ACTIVITY
Please copy every line of the data in which the string "Team" appears.

------ RAW DATA

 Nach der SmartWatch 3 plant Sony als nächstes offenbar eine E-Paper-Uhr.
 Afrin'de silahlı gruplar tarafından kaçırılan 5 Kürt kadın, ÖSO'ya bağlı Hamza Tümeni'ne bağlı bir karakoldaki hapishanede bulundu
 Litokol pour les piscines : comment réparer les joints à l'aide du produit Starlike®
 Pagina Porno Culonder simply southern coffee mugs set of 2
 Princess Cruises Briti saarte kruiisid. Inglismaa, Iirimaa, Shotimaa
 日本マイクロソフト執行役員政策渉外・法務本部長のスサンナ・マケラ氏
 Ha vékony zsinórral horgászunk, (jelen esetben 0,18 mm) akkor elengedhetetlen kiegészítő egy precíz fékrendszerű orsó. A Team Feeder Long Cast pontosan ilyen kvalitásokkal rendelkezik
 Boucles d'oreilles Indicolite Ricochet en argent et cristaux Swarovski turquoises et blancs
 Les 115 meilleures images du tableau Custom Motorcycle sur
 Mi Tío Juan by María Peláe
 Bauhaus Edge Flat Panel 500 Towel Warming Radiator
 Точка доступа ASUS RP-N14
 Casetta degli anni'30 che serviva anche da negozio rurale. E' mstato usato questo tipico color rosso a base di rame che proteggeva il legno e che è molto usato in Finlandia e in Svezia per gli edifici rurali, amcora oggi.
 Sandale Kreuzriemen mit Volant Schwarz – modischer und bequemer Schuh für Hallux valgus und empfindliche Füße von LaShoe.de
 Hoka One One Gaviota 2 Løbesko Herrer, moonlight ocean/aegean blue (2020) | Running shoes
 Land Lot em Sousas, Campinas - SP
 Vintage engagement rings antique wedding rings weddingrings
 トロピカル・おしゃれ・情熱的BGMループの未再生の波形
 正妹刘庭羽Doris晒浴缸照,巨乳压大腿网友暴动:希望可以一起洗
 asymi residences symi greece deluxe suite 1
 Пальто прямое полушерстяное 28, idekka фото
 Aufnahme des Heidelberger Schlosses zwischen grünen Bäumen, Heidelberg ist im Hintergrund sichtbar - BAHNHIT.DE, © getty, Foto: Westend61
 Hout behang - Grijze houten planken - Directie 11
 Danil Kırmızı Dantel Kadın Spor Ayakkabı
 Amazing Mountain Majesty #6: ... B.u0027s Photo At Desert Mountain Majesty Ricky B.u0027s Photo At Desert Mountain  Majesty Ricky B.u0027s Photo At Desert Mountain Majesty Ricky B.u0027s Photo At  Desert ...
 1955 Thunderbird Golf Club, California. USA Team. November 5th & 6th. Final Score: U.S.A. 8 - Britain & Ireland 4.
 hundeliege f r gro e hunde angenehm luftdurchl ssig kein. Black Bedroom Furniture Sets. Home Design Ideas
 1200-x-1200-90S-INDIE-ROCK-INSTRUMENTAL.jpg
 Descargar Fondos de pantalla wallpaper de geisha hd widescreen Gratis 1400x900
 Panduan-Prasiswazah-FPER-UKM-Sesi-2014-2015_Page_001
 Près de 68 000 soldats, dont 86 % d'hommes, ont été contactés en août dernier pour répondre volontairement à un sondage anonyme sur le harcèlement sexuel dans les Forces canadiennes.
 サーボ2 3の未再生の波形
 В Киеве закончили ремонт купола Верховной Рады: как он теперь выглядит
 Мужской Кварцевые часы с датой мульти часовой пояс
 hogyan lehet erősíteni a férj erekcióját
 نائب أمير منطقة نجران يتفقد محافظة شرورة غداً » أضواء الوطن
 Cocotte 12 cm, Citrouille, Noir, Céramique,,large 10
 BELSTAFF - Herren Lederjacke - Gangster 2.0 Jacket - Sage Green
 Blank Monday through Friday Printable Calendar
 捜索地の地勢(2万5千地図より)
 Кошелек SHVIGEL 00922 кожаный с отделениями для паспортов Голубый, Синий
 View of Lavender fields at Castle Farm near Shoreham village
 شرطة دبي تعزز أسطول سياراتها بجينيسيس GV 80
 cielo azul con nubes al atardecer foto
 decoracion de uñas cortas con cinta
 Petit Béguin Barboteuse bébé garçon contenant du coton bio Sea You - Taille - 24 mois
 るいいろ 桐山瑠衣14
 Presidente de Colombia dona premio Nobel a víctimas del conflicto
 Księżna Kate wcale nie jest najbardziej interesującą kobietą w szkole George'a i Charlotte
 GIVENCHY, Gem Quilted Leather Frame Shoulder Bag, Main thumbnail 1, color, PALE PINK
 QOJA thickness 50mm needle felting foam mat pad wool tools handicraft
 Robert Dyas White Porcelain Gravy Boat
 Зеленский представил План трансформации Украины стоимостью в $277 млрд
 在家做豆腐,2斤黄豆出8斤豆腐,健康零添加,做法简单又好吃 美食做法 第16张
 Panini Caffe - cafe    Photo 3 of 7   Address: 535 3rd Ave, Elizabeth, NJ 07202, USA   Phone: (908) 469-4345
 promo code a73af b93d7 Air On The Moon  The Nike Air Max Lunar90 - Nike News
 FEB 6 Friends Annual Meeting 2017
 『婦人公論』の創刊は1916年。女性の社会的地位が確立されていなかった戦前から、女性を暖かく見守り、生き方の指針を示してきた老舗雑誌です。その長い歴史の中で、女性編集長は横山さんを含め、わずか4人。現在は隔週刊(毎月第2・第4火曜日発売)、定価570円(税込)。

------------

SOLVED EXERCISE
 Ha vékony zsinórral horgászunk, (jelen esetben 0,18 mm) akkor elengedhetetlen kiegészítő egy precíz fékrendszerű orsó. A Team Feeder Long Cast pontosan ilyen kvalitásokkal rendelkezik
 1955 Thunderbird Golf Club, California. USA Team. November 5th & 6th. Final Score: U.S.A. 8 - Britain & Ireland 4.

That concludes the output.